By December 1931, Kreuger began preparing for a shakeout by removing from his office
safe thousands of shares in several Swedish companies and giving them to his brother
Torsten. Then, he tried to sell his most valuable non-match assets, as a last-ditch effort to
save his sinking empire. Indeed, Kreuger had secretly purchased LM Ericsson shares,
gaining the control of the company by 1930. He was now approaching International
Telephone and Telegraph (IT&T) with a merger offer, willing to trade a majority stake in
Ericsson for a block of IT&T shares plus $11 million in cash. For the first time, Kreuger
agreed to an independent audit of one of his companies. Accounting investigations revealed
that he had taken over $7 million from Ericsson, replacing it with foreign government bonds
of lesser value. Any attempt to mollify the IT&T accountants was in vain (the audit company
was a J.P. Morgan’s one, and Morgan had never trusted him), on February 19, 1932, IT&T
cancelled the deal. Kreuger was then unable to make an overdue payment to four U.S.
banks.
In total despair, on February 23, Kreuger turned to the Swedish banks, threatening that
Swedish Match would be forced to suspend payments and go bankrupt, if $2 million was not
delivered that day. The Wallenbergs-owned bank (Stockholms Enskilda Bank) refused any
further loan extension, effectively dragging down Swedish Match. The Swedish central bank
had to provide a loan of two-thirds the cost necessary to keep Swedish Match afloat for a
few more, and the remaining one-third was made up by Skandinaviska Banken and
Handelsbanken, for one-sixth each. Kreuger’s European creditors set a meeting for April in
Germany. The loan granting condition was that Kreuger return to Europe from New York
immediately. When he arrived in Paris, as for encountering colleagues to prepare for the
creditors’ meeting, he learned that Swedish officials had discovered the Italian bonds during
a raid in his offices. Kreuger assured his associates that he would explain everything, but
just before the scheduled meeting in Paris, he took his own life. The stock markets reacted
violently to the news of Kreuger’s death. All Kreuger-linked stocks collapsed. IMCO sold a
record block of 673,000 shares in a single day, going bankrupt in subsequent months.

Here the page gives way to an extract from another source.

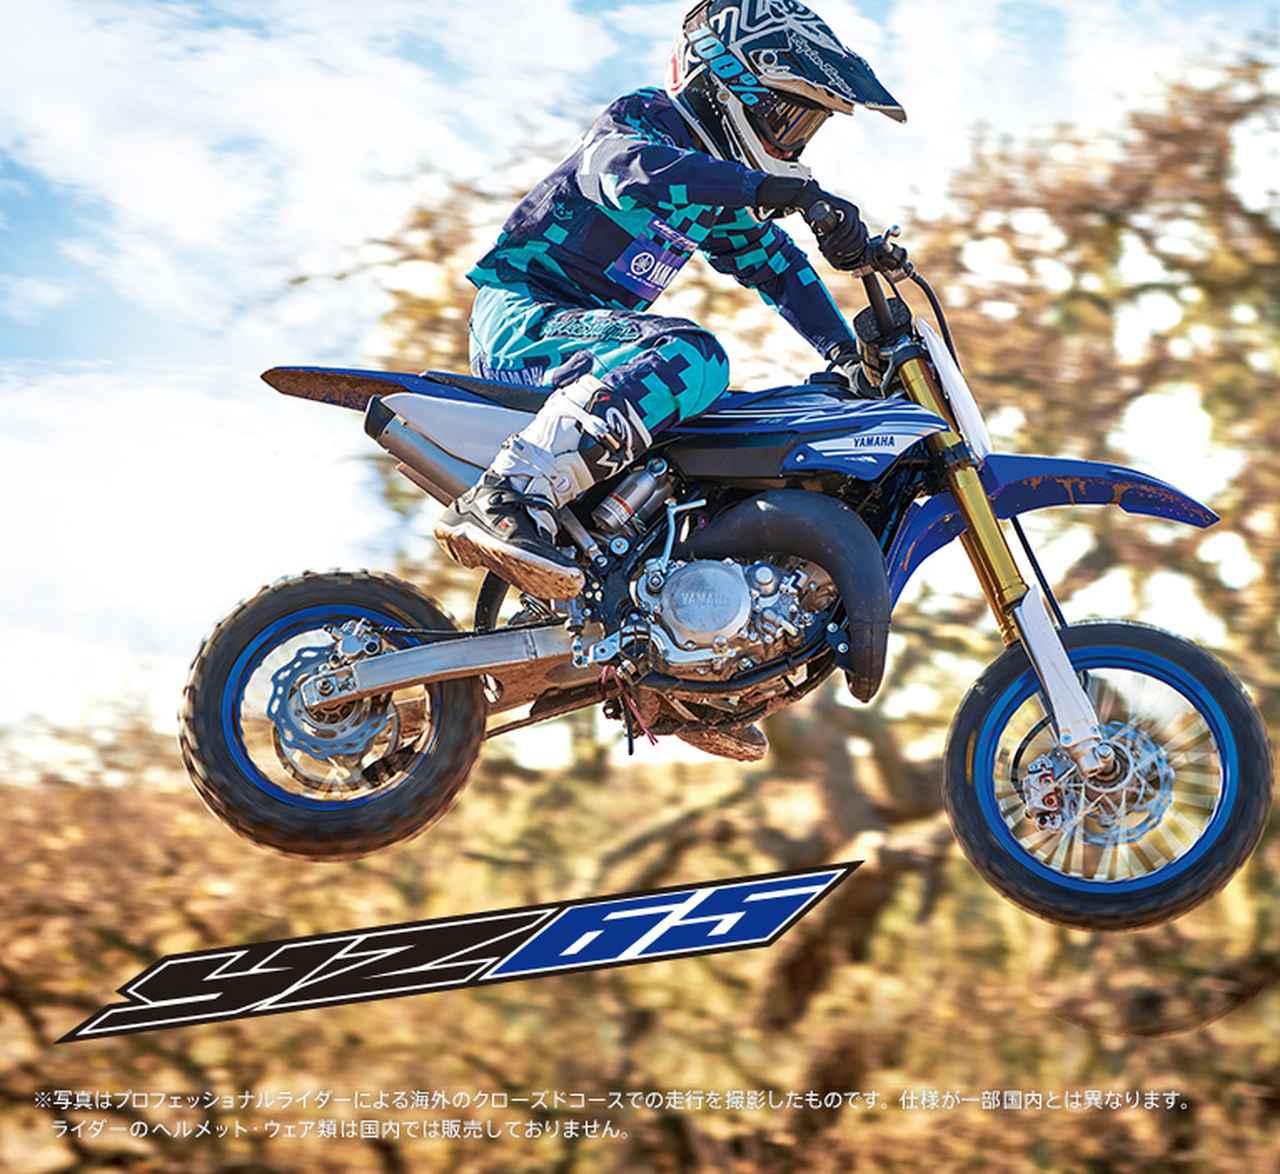 画像: YZ65 - バイク・スクーター ヤマハ発動機株式会社

Subsequent auditing investigations revealed that Swedish Match deficits exceeded
Sweden’s national debt. All told, Kreuger was worth about $100,000, having as most
valuable personal assets some Rembrandt etchings and a Rolls Royce limousine. Claims
on his estate totaled $1.2 billion, about $98 million of which representing losses to U.S.
banks and investors.
Nonetheless, his legacy was solid. After Krueger’s death, Stockholms Enskilda Bank
reconstructed Swedish Match, remaining a well-established multinational company for the
following seventy years. Yet, the Wallenbergs’ bank had been owed 60 million of the 830
million kronor the Kreuger Group owed to Swedish commercial banks. As a result, the
already strong industrial interests of the family expanded considerably, and the Wallenbergs’
position as the largest Swedish business group finally consolidated.